Mr Anderson was a passenger on a British Airways flight from Cairo to London Heathrow.  As he was disembarking via an airbridge he slipped and fell to the floor.  He alleged that his fall had been caused by a small puddle of water on the floor.

Mr Anderson brought his claim under Article 17 of the Convention, which provides that:

“The carrier is liable for damage sustained in case of death or bodily injury of a passenger upon condition only that the accident which caused the death or injury took place on board the aircraft or in the course of any of the operations of embarking or disembarking.”

British Airways denied that the floor had been wet and argued that, even if it had been, Mr Anderson had not suffered an accident within the meaning of the Convention.

Findings of Fact

The judge found that the floor had been wet and that that wetness had not, in any way, been caused by Mr Anderson.  She did not consider that she needed to make any further finding as to how the floor had become wet but thought that it was more likely that it was because of rain rather than as a result of a spillage: there was evidence that it had been raining that day but no evidence to enable her to conclude that there had been a spillage.

Legal Background

The leading case in relation to the meaning of “accident” in Article 17 is Air France v Saks 470 US 392 a decision of the US Supreme Court (since the Convention is an international instrument the jurisprudence of any State signatory’s court is relevant to its interpretation). Although Air France v Saks related to the Warsaw Convention, which preceded the Montreal Convention, there is no material difference between the two in this respect.

In Air France v Saks, Justice O’Conner set out that “[w]e conclude that liability… arises only if a passenger’s injury is caused by an unexpected or unusual event or happening that is external to the passenger.  The definition should be flexibly applied after assessment of all the circumstances surrounding the passenger’s injuries.”

Had there been an “Accident”?

British Airways denied that the accident was unusual and/or unexpected and denied that the accident occurred because of anything external to Mr Anderson.  Counsel for the airline relied in particular on the decision in Barclay v British Airways [2008] EWCA Civ 1419.  In Barclay, the claimant had slipped on a plastic strip in the aisle of the airplane and suffered injury.  The plastic strip was a standard fitting of the plane and so the Court of Appeal had found that there had not been an accident within the meaning of the Convention.

The judge stressed that in interpreting the meaning of an accident for the purposes of the Convention context was crucial.  It would not be sensible to look at each of the factors in total isolation.  She distinguished Barclay on the basis that in this case the airbridge had not been in its normal state.  She stated that she was reassured in her interpretation of Barclay by the comments of Aikens LJ at paragraph 29 of Ford v Malaysian Airlines [2013] EWCA Civ 1163.

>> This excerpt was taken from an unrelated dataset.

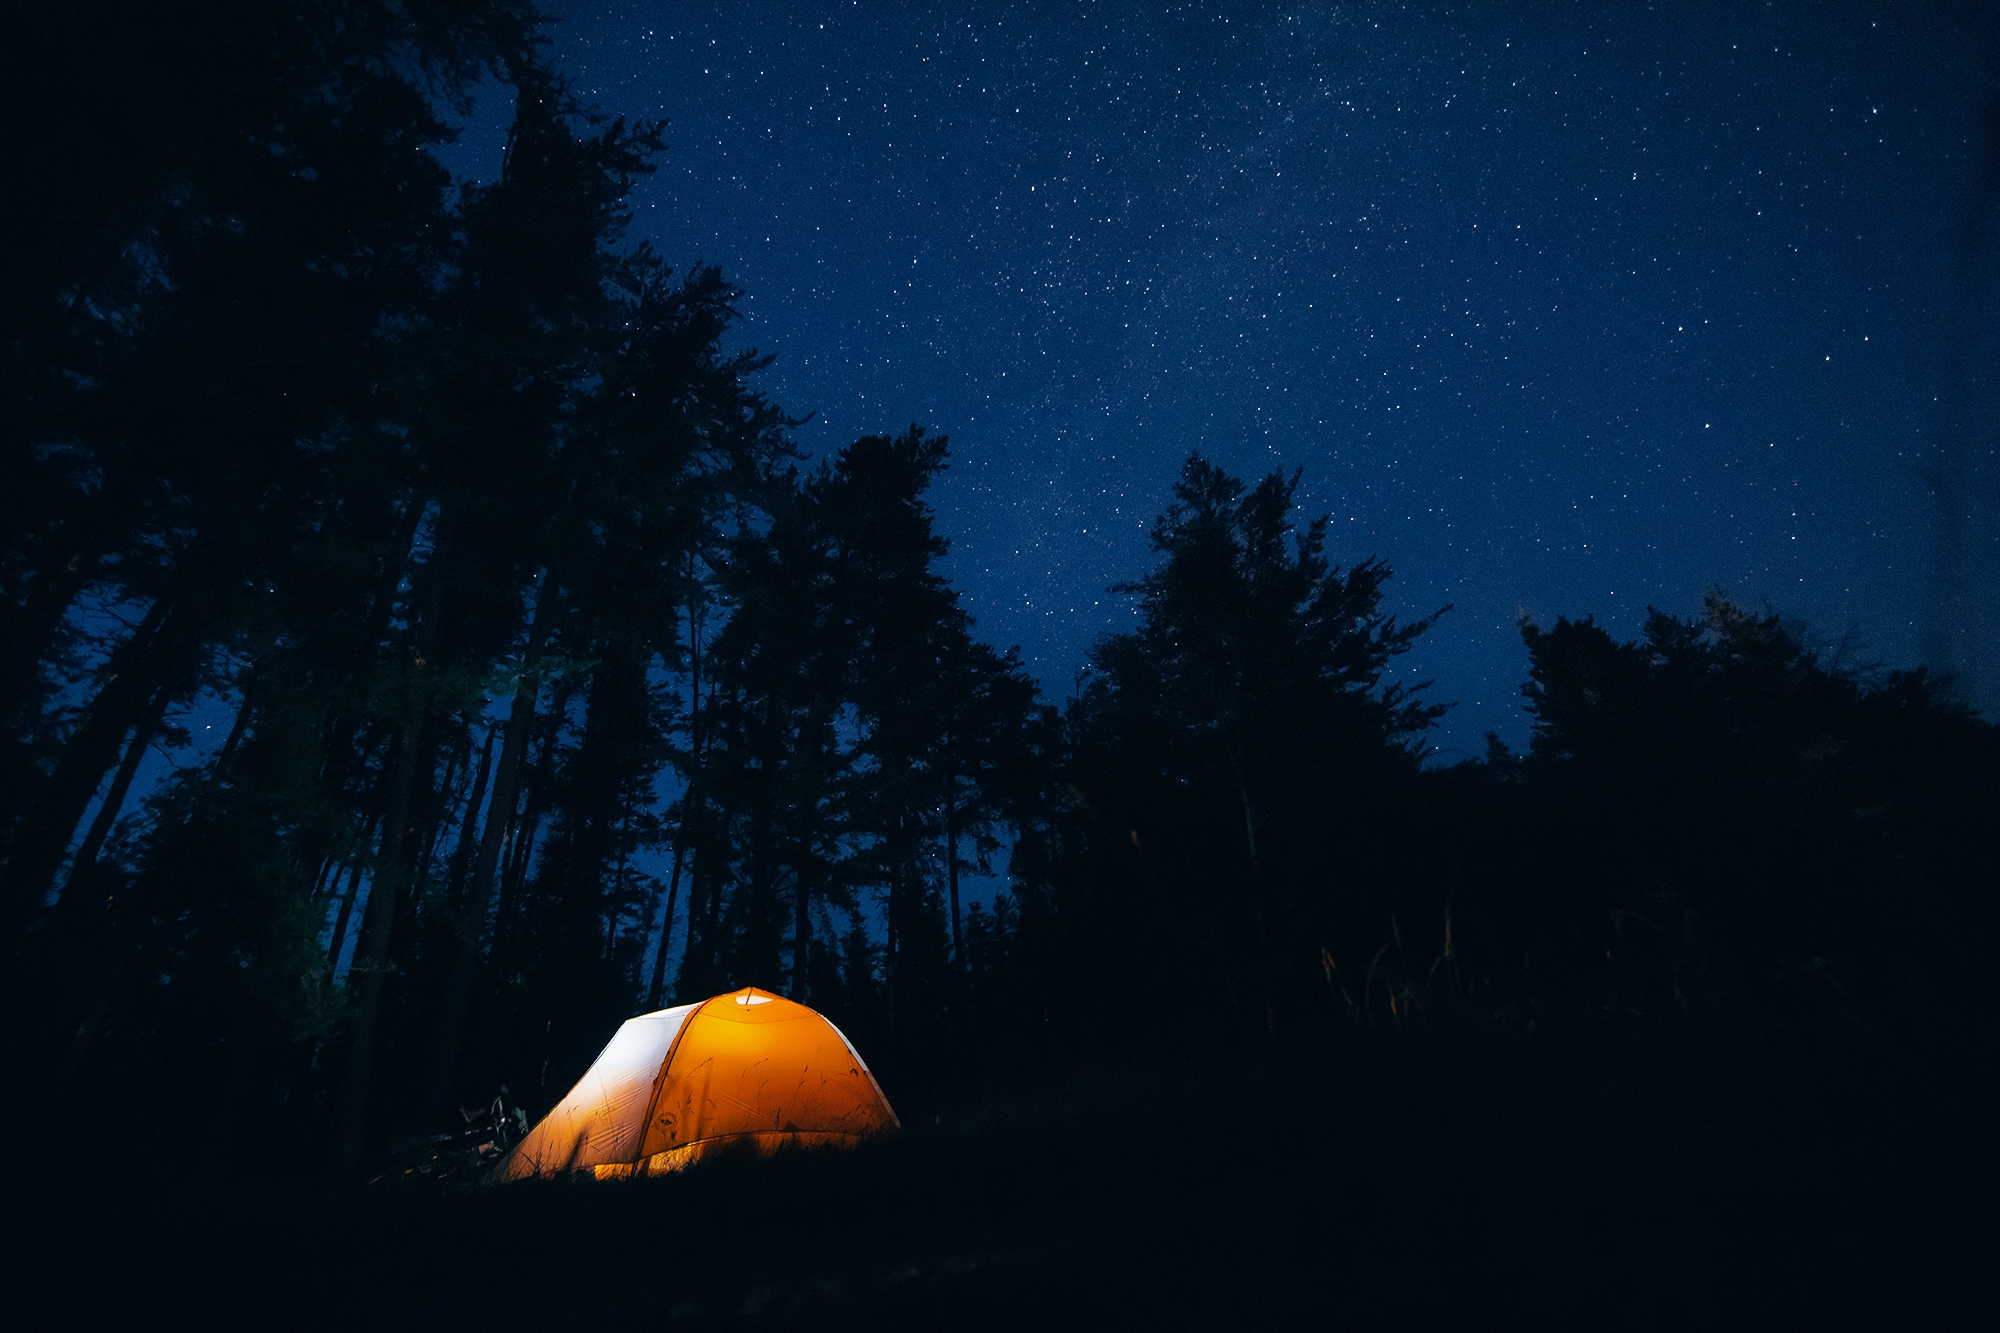 meaning night photography tent  - jonathonreed | ello
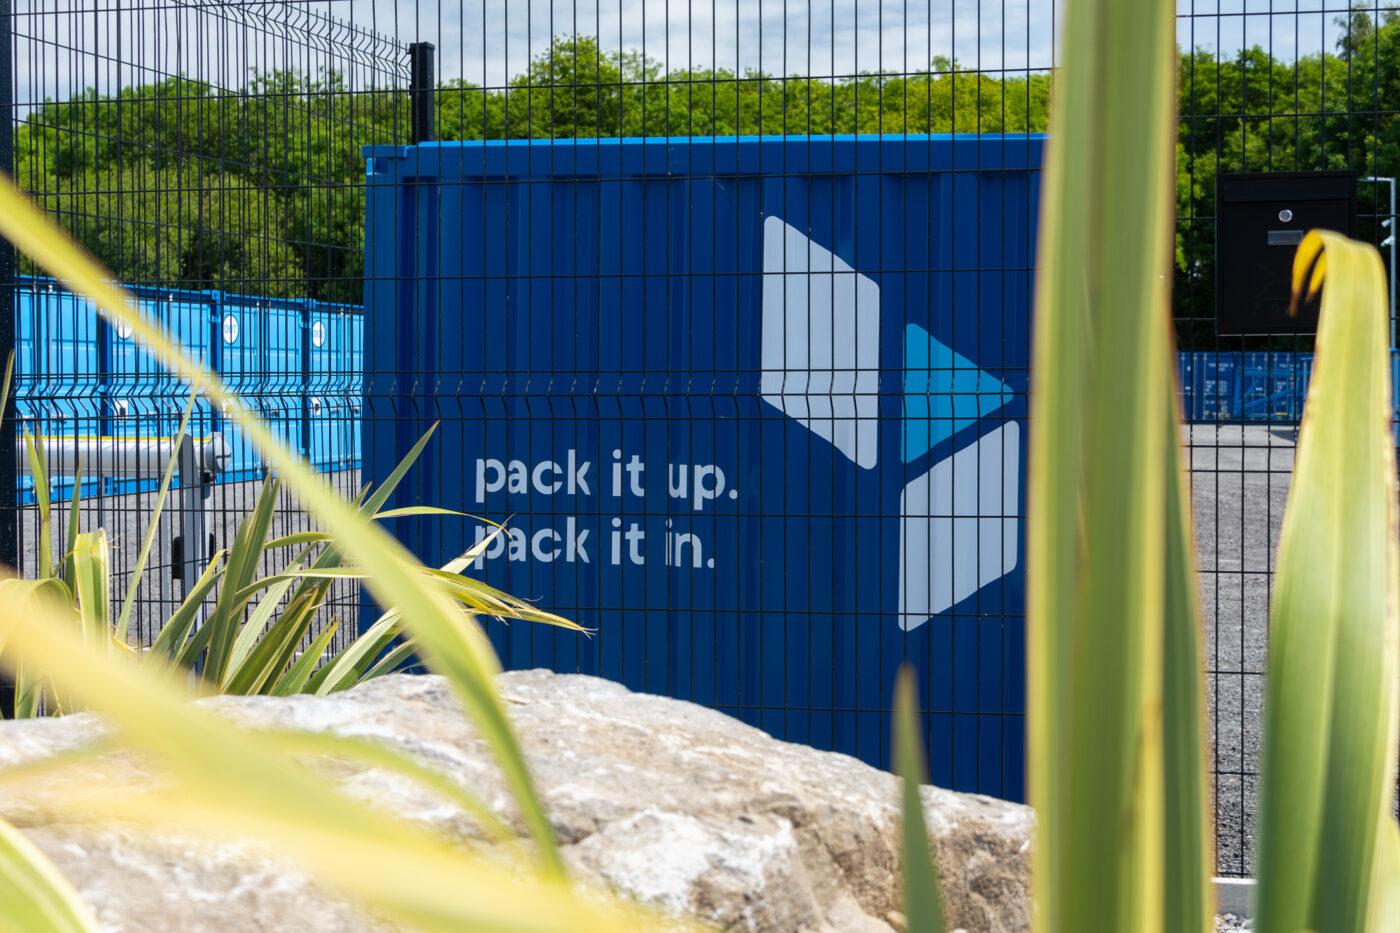 blue self storage facility updates - Cardiff and Tyneside storage

The wet floor had not been expected by Mr Anderson and the defendant’s witness accepted that if he had known the floor had been wet he would have asked the air crew to warn the passengers before they disembarked and would have ensured that warning signs were put up.  The condition of the floor which caused the fall had therefore been unusual or unexpected.  Equally, the fact that the floor was wet was independent of anything done by Mr Anderson and so was external to him.  In summary, Mr Anderson’s fall was caused by an unexpectedly wet floor which was an event external to him. The result was that there had been an “accident” and Mr Anderson’s claim could succeed.

Permission to appeal was denied by the judge.